Design Population-based cohort.
Setting Routinely collected antenatal healthcare data between January 2003 and September 2017 at University Hospital Southampton, England.
Participants Health records of women with their first two consecutive singleton live-birth pregnancies were analysed (n=15 940).
Primary outcome measure Risk of LGA, recurrent LGA and new LGA births in the second pregnancy.

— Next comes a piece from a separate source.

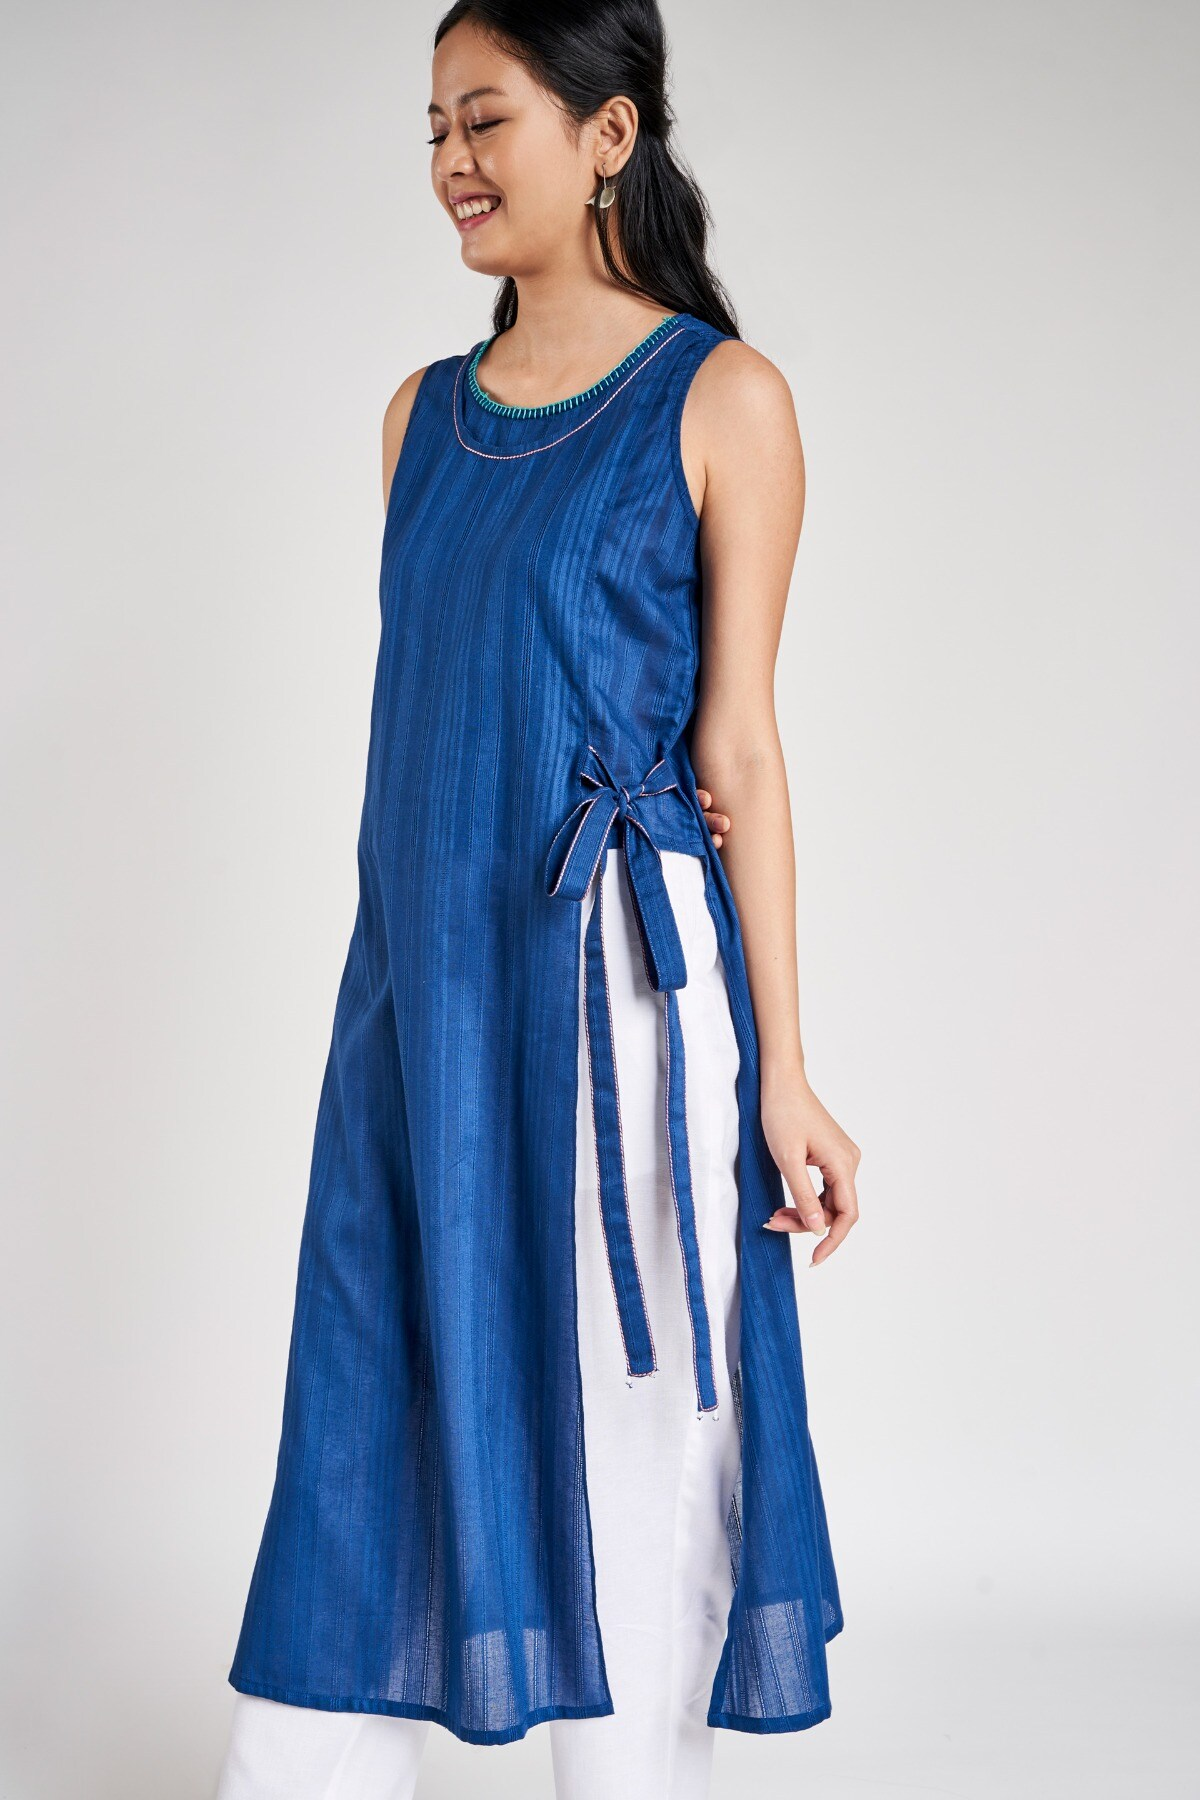 Global Desi | Ink Blue Self Design A-Line Kurta

Results Of the 15 940 women, 16.0% lost and 47.7% gained weight (≥1 kg/m2) between pregnancies. A lower proportion of babies born to women who lost ≥1 kg/m2 (12.4%) and remained weight stable between −1 and 1 kg/m2 (11.9%) between pregnancies were LGA compared with 13.5% and 15.9% in women who gained 1–3 and ≥3 kg/m2, respectively. The highest proportion was in obese women who gained ≥3 kg/m2 (21.2%). Overweight women had a reduced risk of recurrent LGA in the second pregnancy if they lost ≥1 kg/m2 (adjusted relative risk (aRR) 0.69, 95% CI 0.48 to 0.97) whereas overweight women who gained ≥3 kg/m2 were at increased risk of new LGA after having a non-LGA birth in their first pregnancy (aRR 1.35, 95% CI 1.05 to 1.75). Normal-weight women who gained weight were also at increased risk of new LGA in the second pregnancy (aRR 1.26, 95% CI 1.06 to 1.50 with gain of 1–3 kg/m2 and aRR 1.34, 95% CI 1.09 to 1.65 with gain of ≥3 kg/m2).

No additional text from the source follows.